Окна дворца каждый вечер пылали сотнями свечей. В гостиных курили, спорили, читали стихи и острословили московские поэты и писатели, меценаты и художники.
Приближалась война. Дыхание боевых дней, передвижение армии, тревога, охватившая страну, — все это способствовало напряженной и взволнованной мысли.
Иногда в полночь быстро входил новый неожиданный гость. От его плаща шел запах ветра и полей. Он нетерпеливо скакал из Москвы в Тверь на перекладных, чтобы сообщить последние вести о баталиях и выслушать чтение высокопарных стихов и шум страстных споров.

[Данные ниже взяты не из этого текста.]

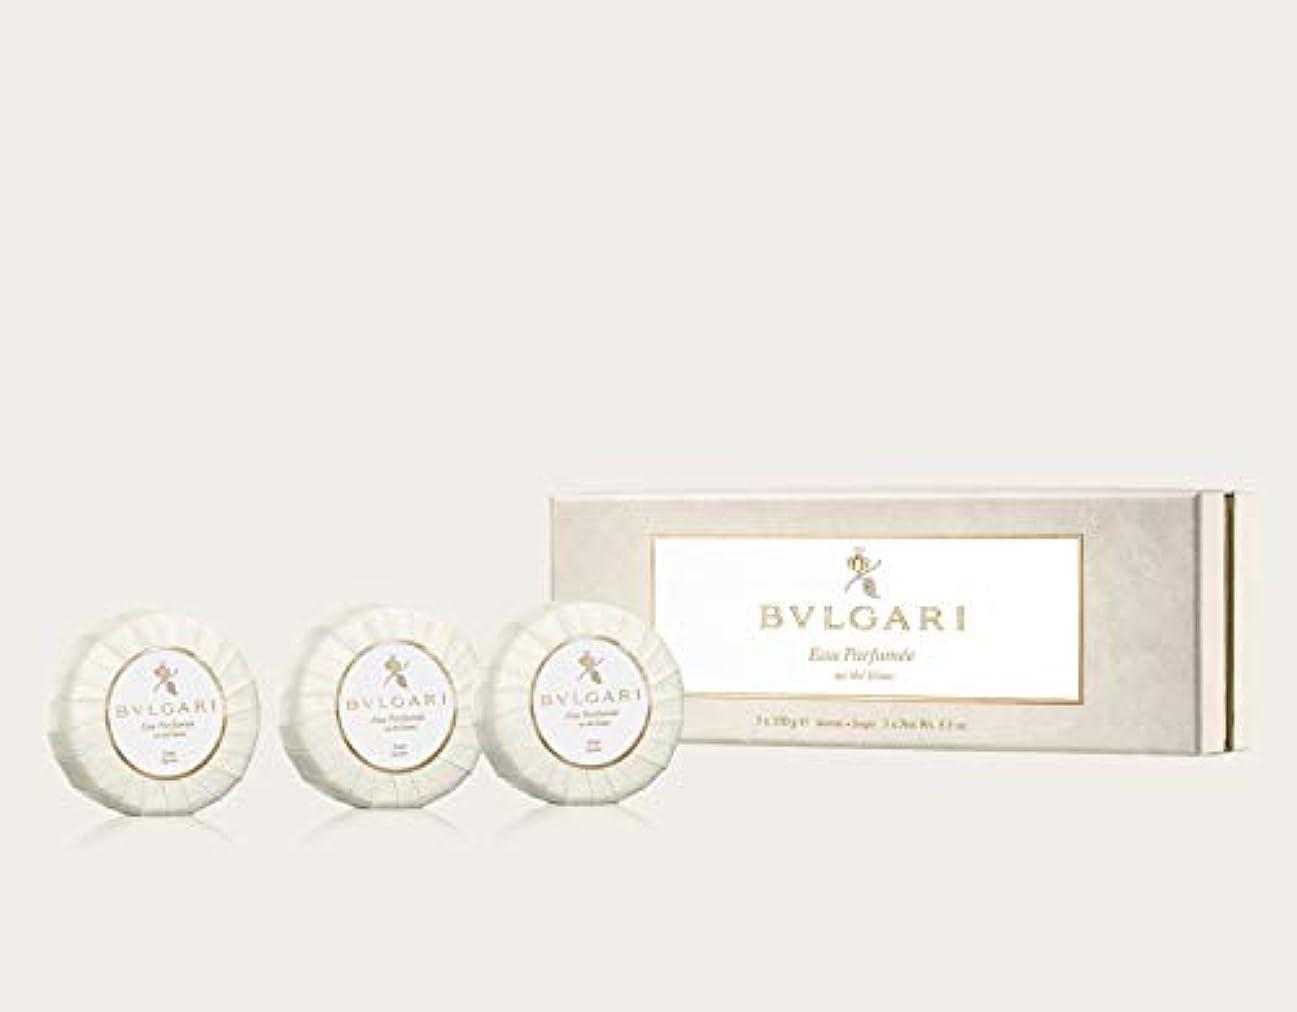 冬保守可能膨らませる[正規品]ブルガリ オ パフメ オーデブラン ソープ ギフトセット 150g × 3個 正規品

Тусклый фонарь у тверского шлагбаума и ленивый сторож-инвалид перевидали в то время много приезжих, памятных всей России.
Кипренский жил вместе со всеми приподнятой и бессонной жизнью.
Но однажды вечером никто не приехал. На городскую площадь вошел на рысях полк угрюмых улан и расположился биваком. Горели костры, освещая черные капли дождя. Громко жевали лошади. Запах дыма, навоза, лошадиного пота и хлеба был неотделим от хриплой брани и дребезжащего голоса трубы. Москва была занята Наполеоном.
В Твери стало тихо. Больше никто не приезжал. Кипренскому было некого рисовать. Тогда он начал писать портреты крестьян и пейзажи на окраинах Твери и берегах Волги.
Карандаш сменил кисть. Кипренский только подцвечивал свои рисунки с удивительной тонкостью.